SABINE (CONT'D) We’re on our way from Toronto to Thunder Bay, Ontario—that’s way up north for our American friends—to celebrate the fortieth anniversary of my family’s bakery! Check in with us at Sweet Rush throughout the weekend. We’ll bring you some of the best pastries in the world, made by my own father, including the legendary Persian.
PLANE BANKS AT STEEP ANGLE–HER DRINK SPILLS.

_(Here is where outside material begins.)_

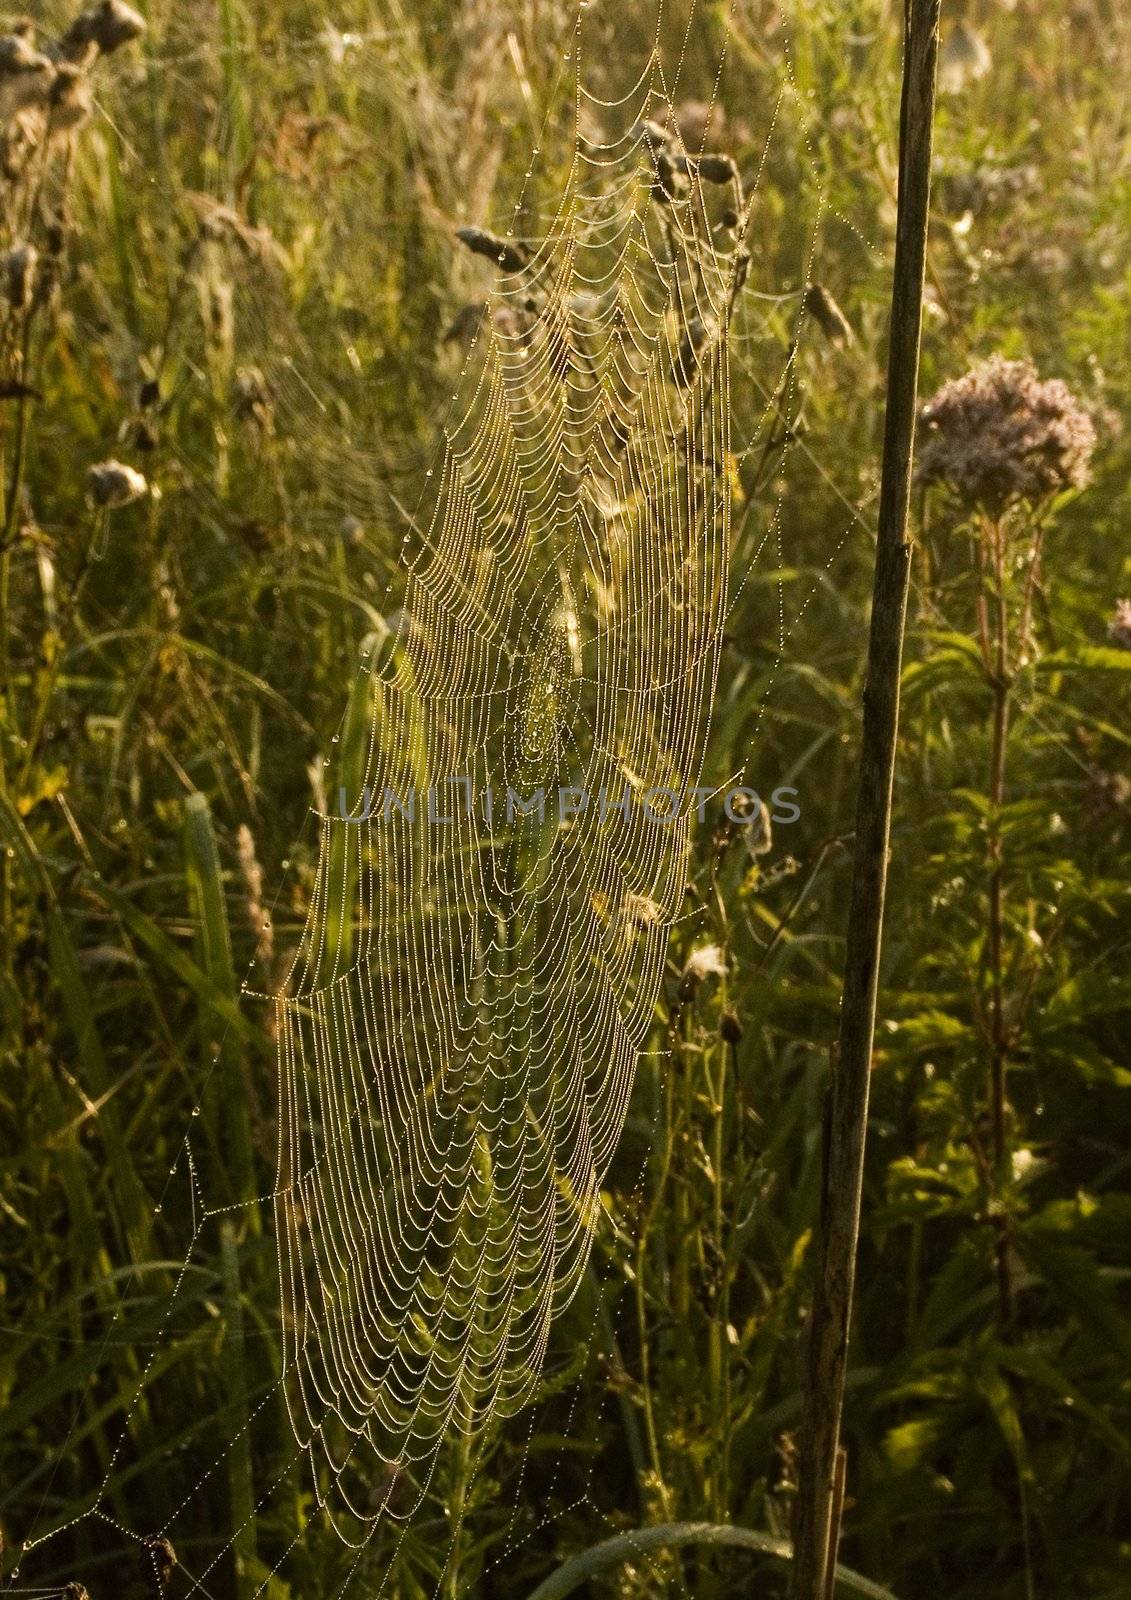 Beautiful spider web in the morning
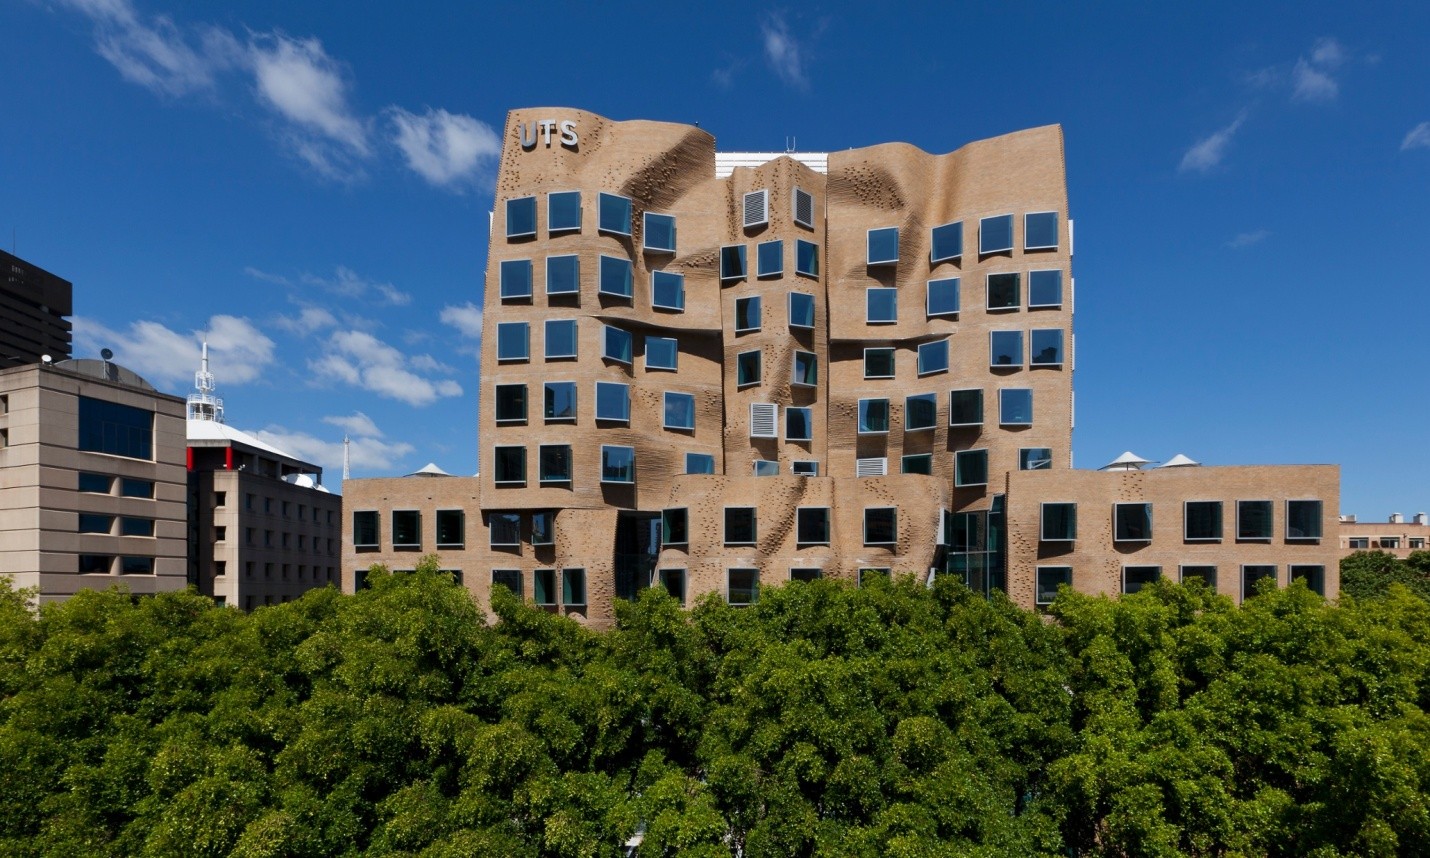 The 4 Most Amusing Responses to Frank Gehry's UTS Business School | ArchDaily

SABINE (CONT'D) That is if we survive! (NERVOUS LAUGHTER) Now, if you're thinking—Persian? Is that even something I should be eating?—stick with us. We'll take you behind the scenes of my father's top-secret recipe . . .
ANOTHER BOUT OF TURBULENCE, CAMERA DROPS. SCREAMING FROM PASSENGERS. PAN ACROSS SEATS AS PEOPLE TRY TO REGAIN CONTROL BEFORE WE RETURN TO SABINE.
SABINE (CONT'D) . . . and learn how the strangely named Persian pastry put my family's bakery on the map. So, roll up your sleeves and get sweet!